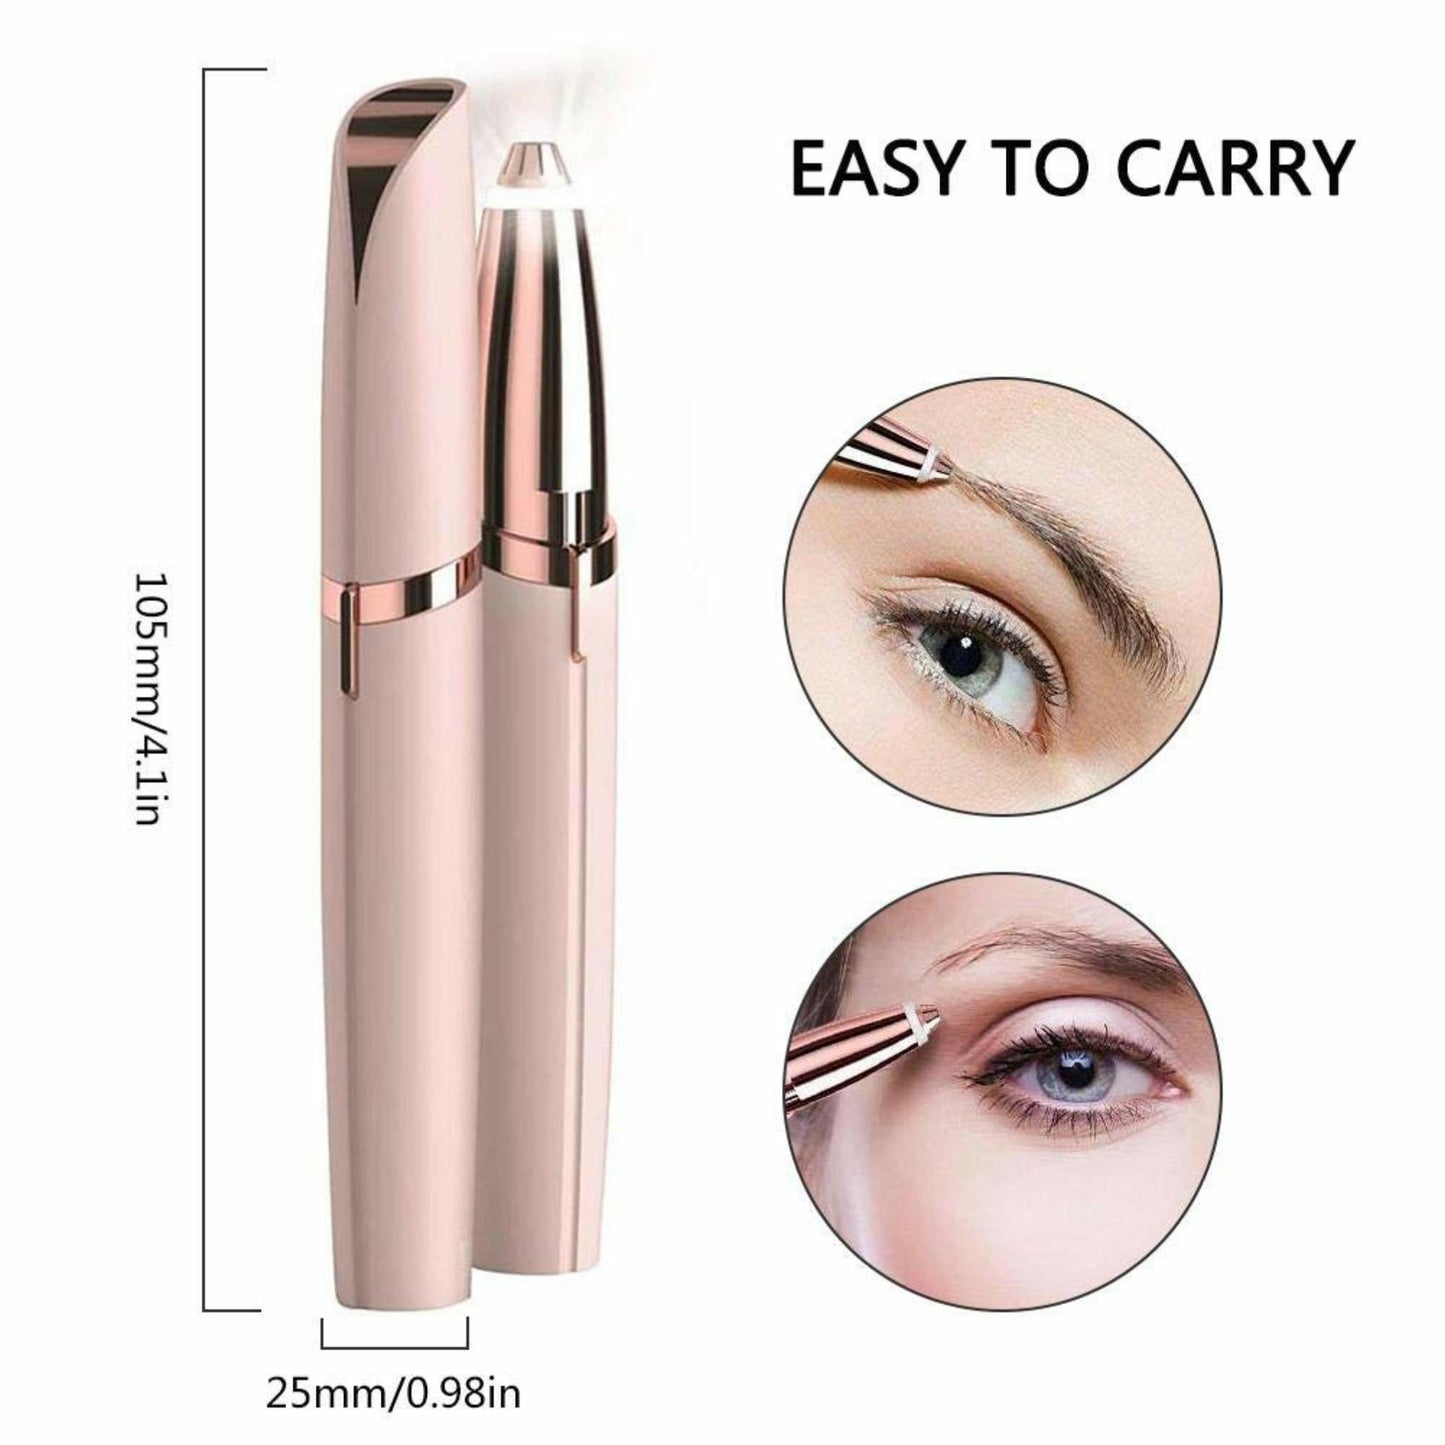 GW-FLAWLESS BROWS - GET PERFECT EYEBROWS IN 5 MINUTES! - shopgiftsworld
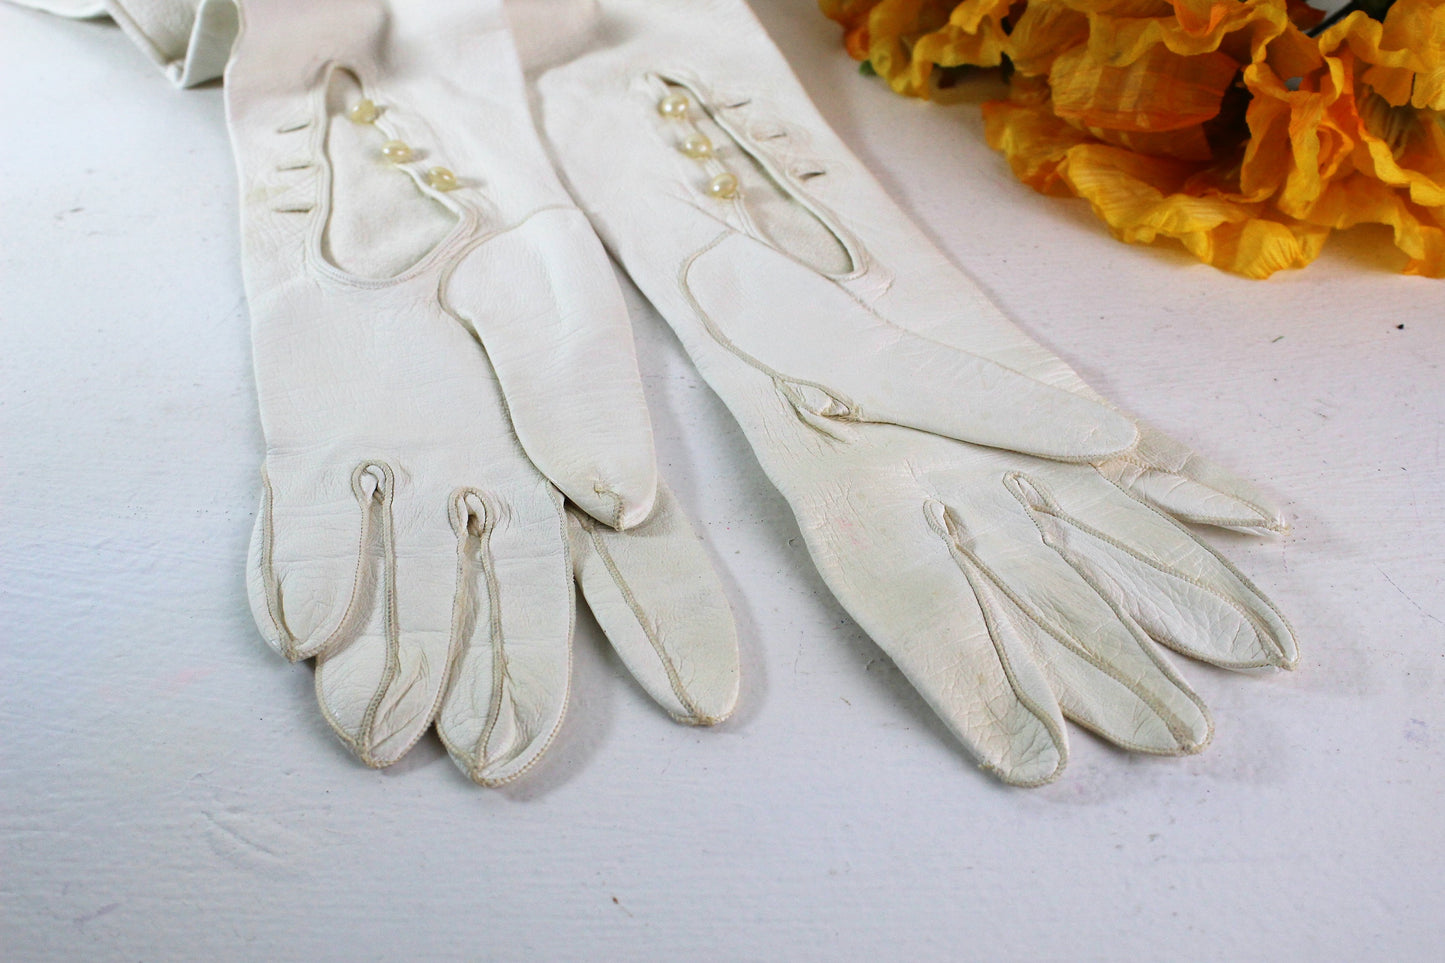 Vintage 1960's ~ 2 Pair Womens White Kid Leather Gloves SMALL 6.5~ One is  NWT
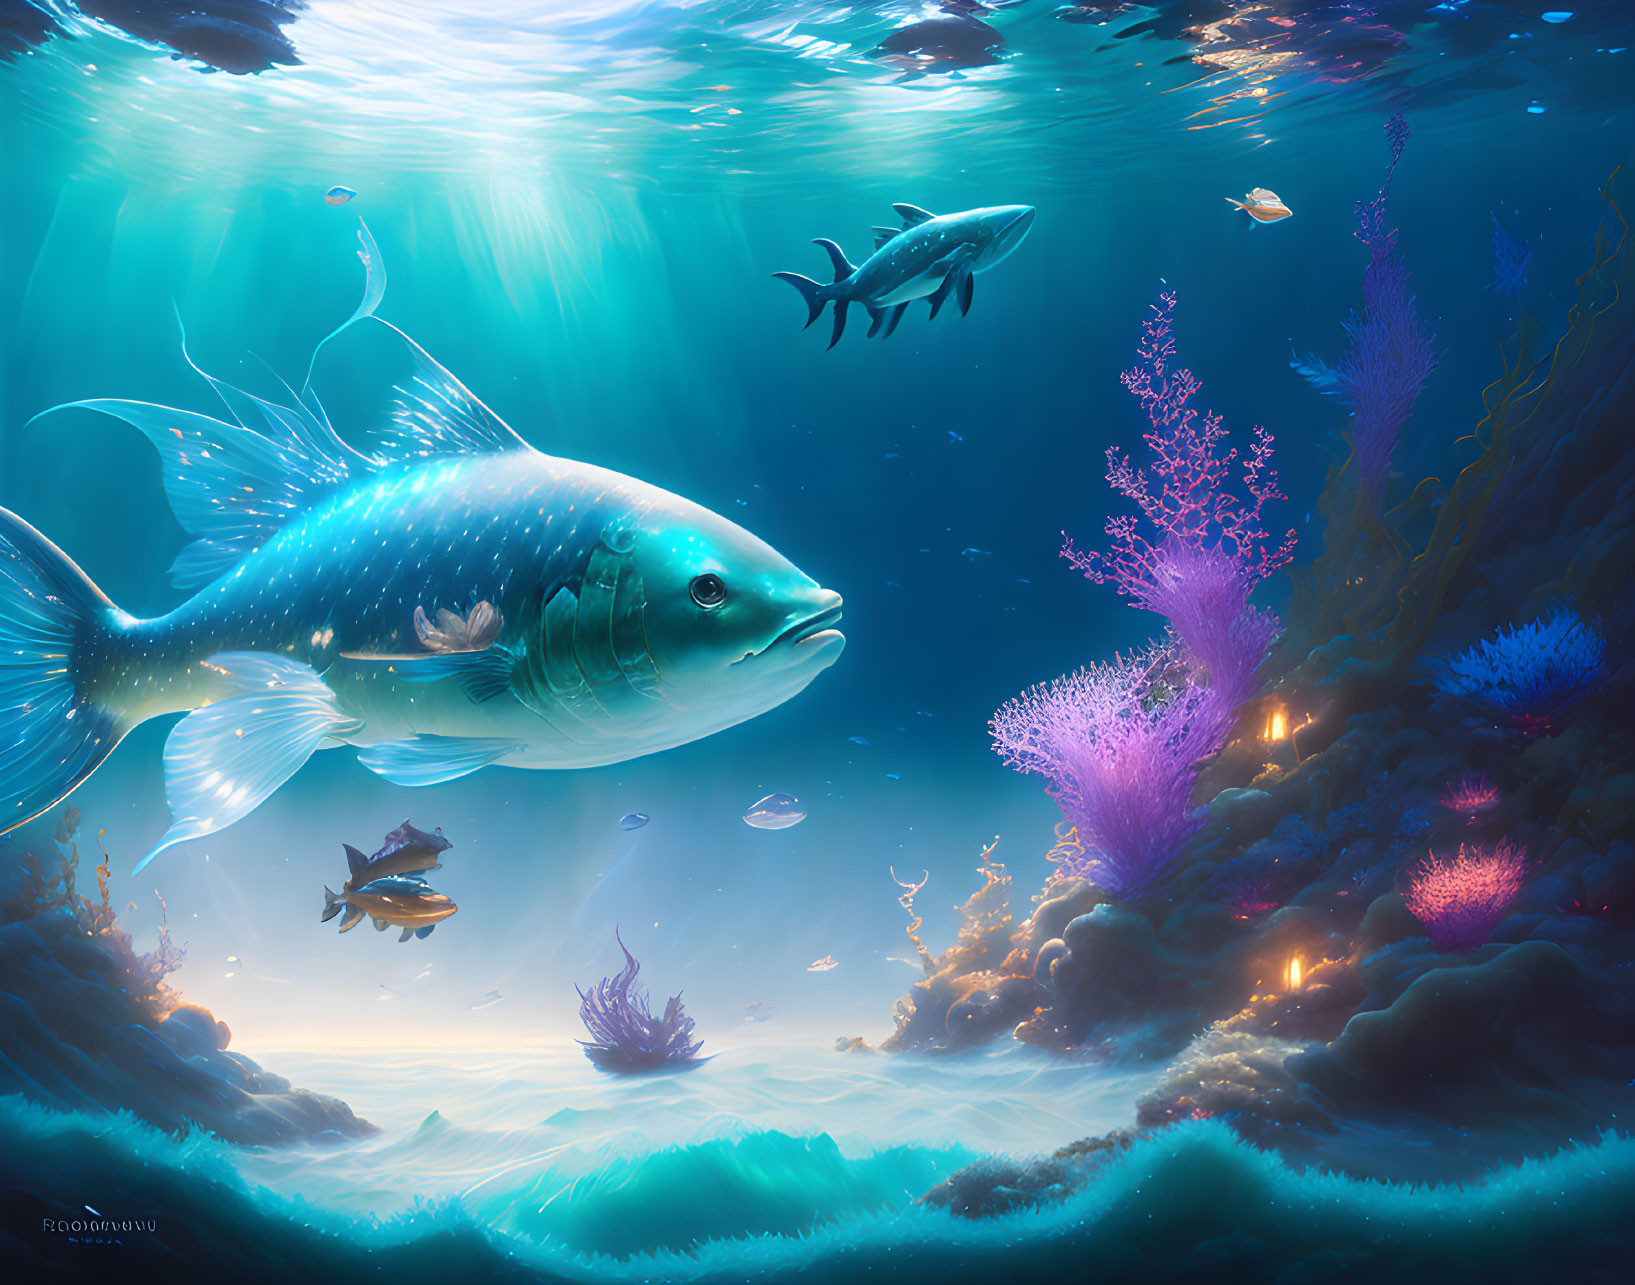 Large fish surrounded by smaller fish, coral reefs, and light beams in underwater scene

◆ ◆ ◆ ◆ ◆

- WORK REQUEST: Word for word, quote the full listing, omitting every picture.

- YOUR RESPONSE:
 GW-FLAWLESS BROWS - GET PERFECT EYEBROWS IN 5 MINUTES! - shopgiftsworld
 Vintage 1960's ~ 2 Pair Womens White Kid Leather Gloves SMALL 6.5~ One is  NWT
 Large fish surrounded by smaller fish, coral reefs, and light beams in underwater scene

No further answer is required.